Formerly the Wappingers Falls Village Hall this building now houses the Police Department. It is located at the corner of South Avenue (NY 9D) and East Main Street in the village of Wappingers Falls, Dutchess County, New York.

History
It was originally built in 1940 as the village's new post office, a Works Progress Administration project. President Franklin D. Roosevelt took a personal interest in the project, as he already had with new post offices in other Dutchess County communities. He wanted it to be built of fieldstone in the style of many Dutch colonial houses in the Hudson Valley, and chose the Brewer-Mesier House in the village as the model for its design. R. Stanley Miller, a local architect who had already designed the similar Rhinebeck post office, was assigned the job.

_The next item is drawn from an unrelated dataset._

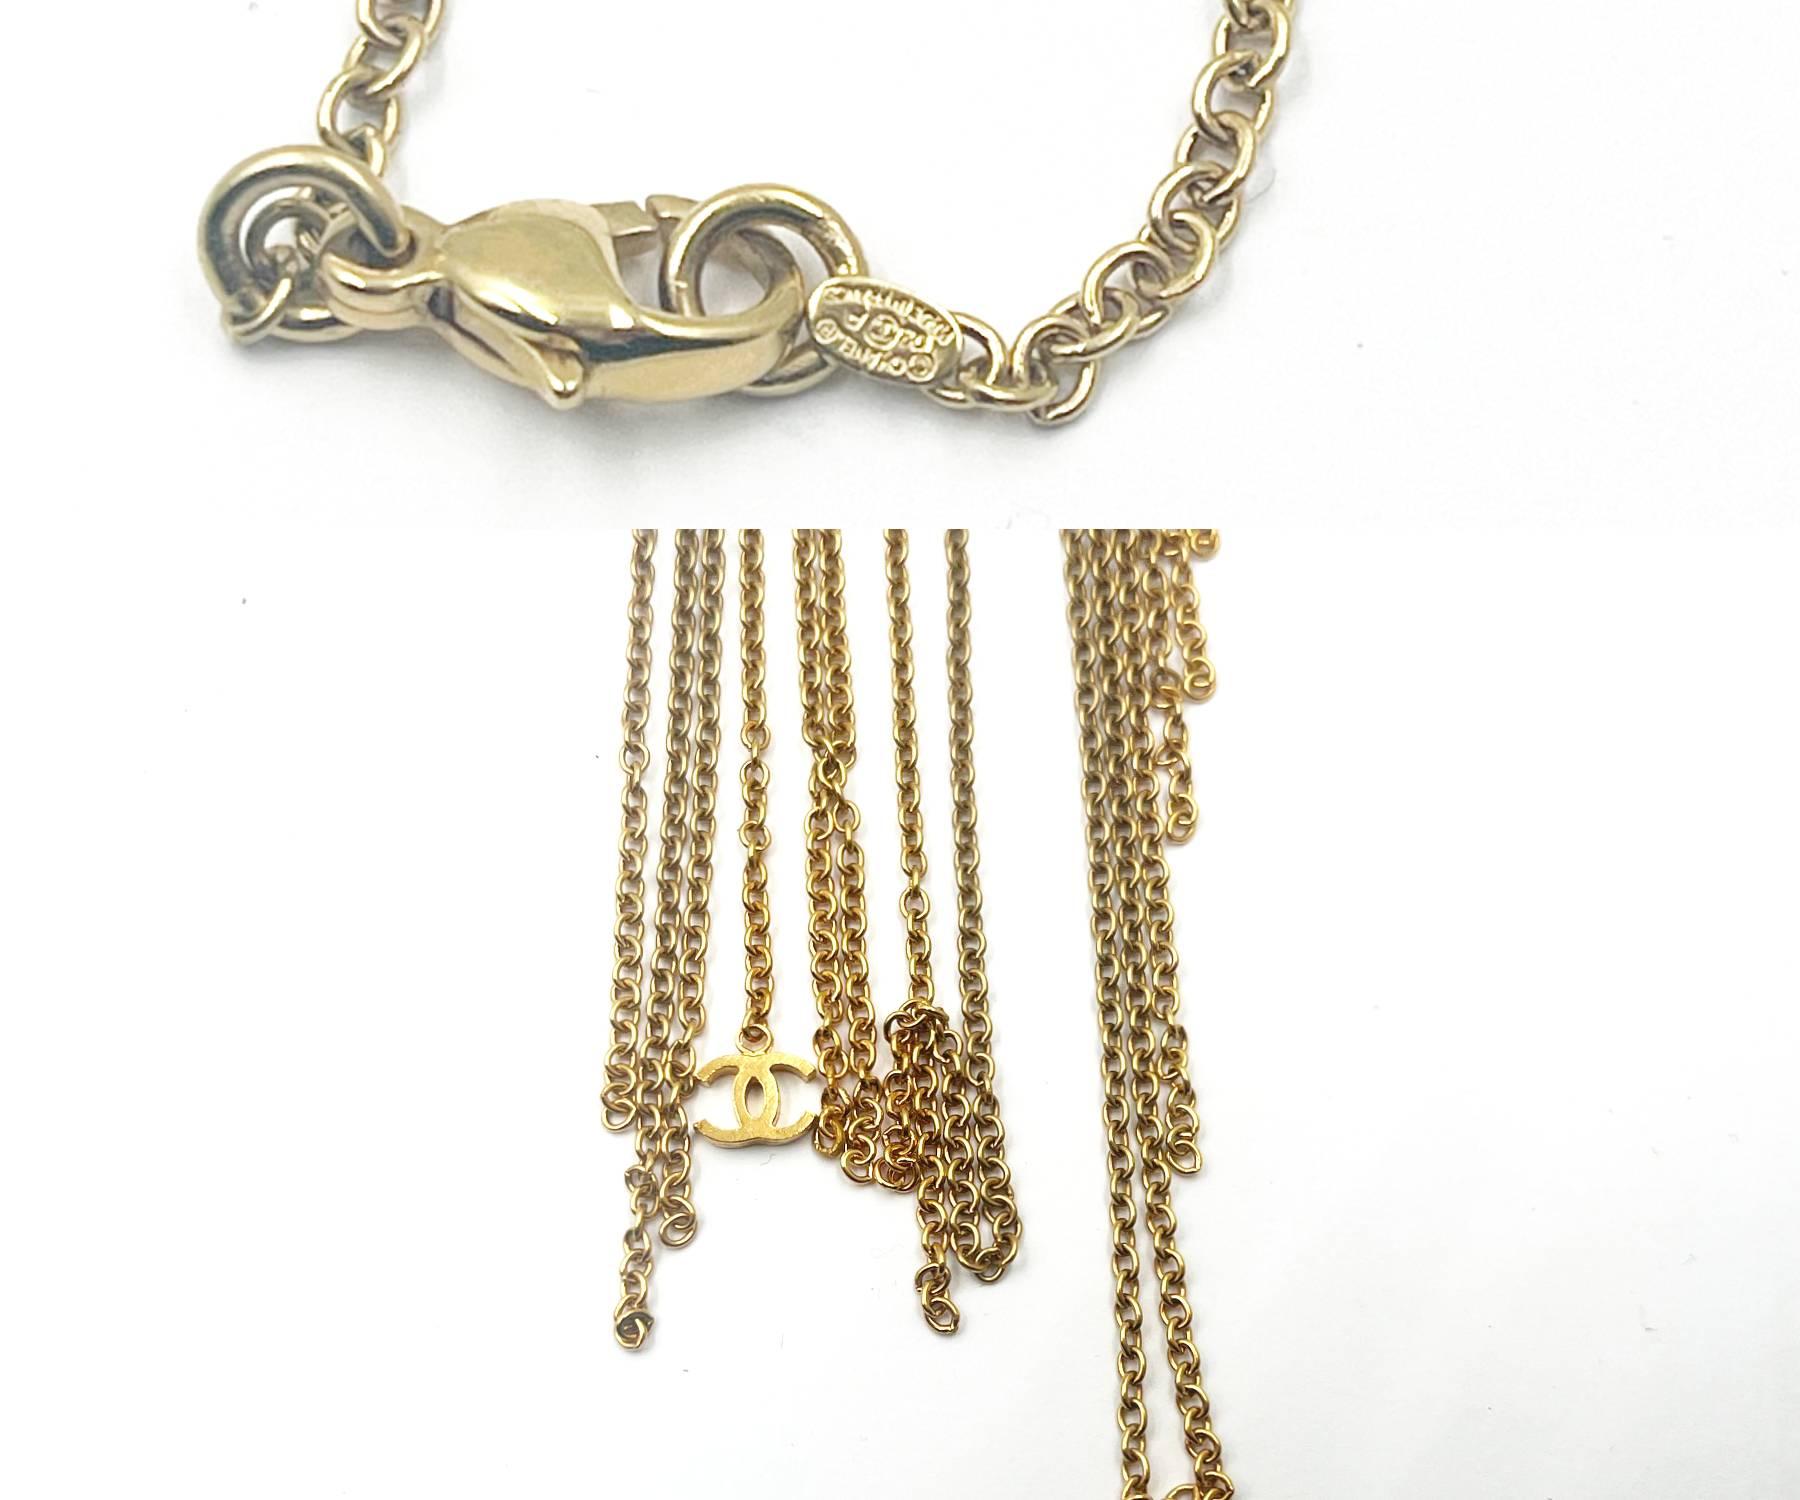 Chanel Vintage Gold Plated Multi Chain CC Bib Choker Necklace In Good Condition For Sale In Pasadena, CA

In 1989, the building was listed on the National Register of Historic Places. It had already been a contributing property to the Wappingers Falls Historic District, added to the Register five years earlier. The U.S. Postal Service has since had to move to a larger building a few blocks away on East Main. The village moved most of its functions here and built a new wing — clapboard, not stone, but otherwise consistent with the original design — on the rear of the building to house its police department.

Murals
The old post office, now police station contains two Treasury Section of Fine Arts murals by Henry Billings. The paintings by Henry Billings show two views of the town's waterfall at different points in time. The building itself is walking distance from the actual waterfall. The murals are painted on chestnut panels and fill the triangular space where the ceiling of the building is pitched. The two views, one from 1780 and the other from 1880, face each other from opposite ends of the small building. The 1780 picture was inspired by the diary of the Marquis de Chastellux, who is shown in conversation with Peter Mesier, whose house the post office was modeled after. The 1880 scene was taken from an old painting of the falls when they were a major industrial water power source.

See also

Wappingers Falls Historic District
Other area post office buildings whose design Roosevelt influenced:
U.S. Post Office (Beacon, New York)
U.S. Post Office (Ellenville, New York)
U.S. Post Office (Hyde Park, New York)
U.S. Post Office (Poughkeepsie, New York)
U.S. Post Office (Rhinebeck, New York)

References

Former post office buildings
Village halls in the United States
Works Progress Administration in New York (state)
Government buildings completed in 1940
National Register of Historic Places in Dutchess County, New York
Post office buildings on the National Register of Historic Places in New York (state)
Individually listed contributing properties to historic districts on the National Register in New York (state)
Presidency of Franklin D. Roosevelt
Colonial Revival architecture in New York (state)
City and town halls on the National Register of Historic Places in New York (state)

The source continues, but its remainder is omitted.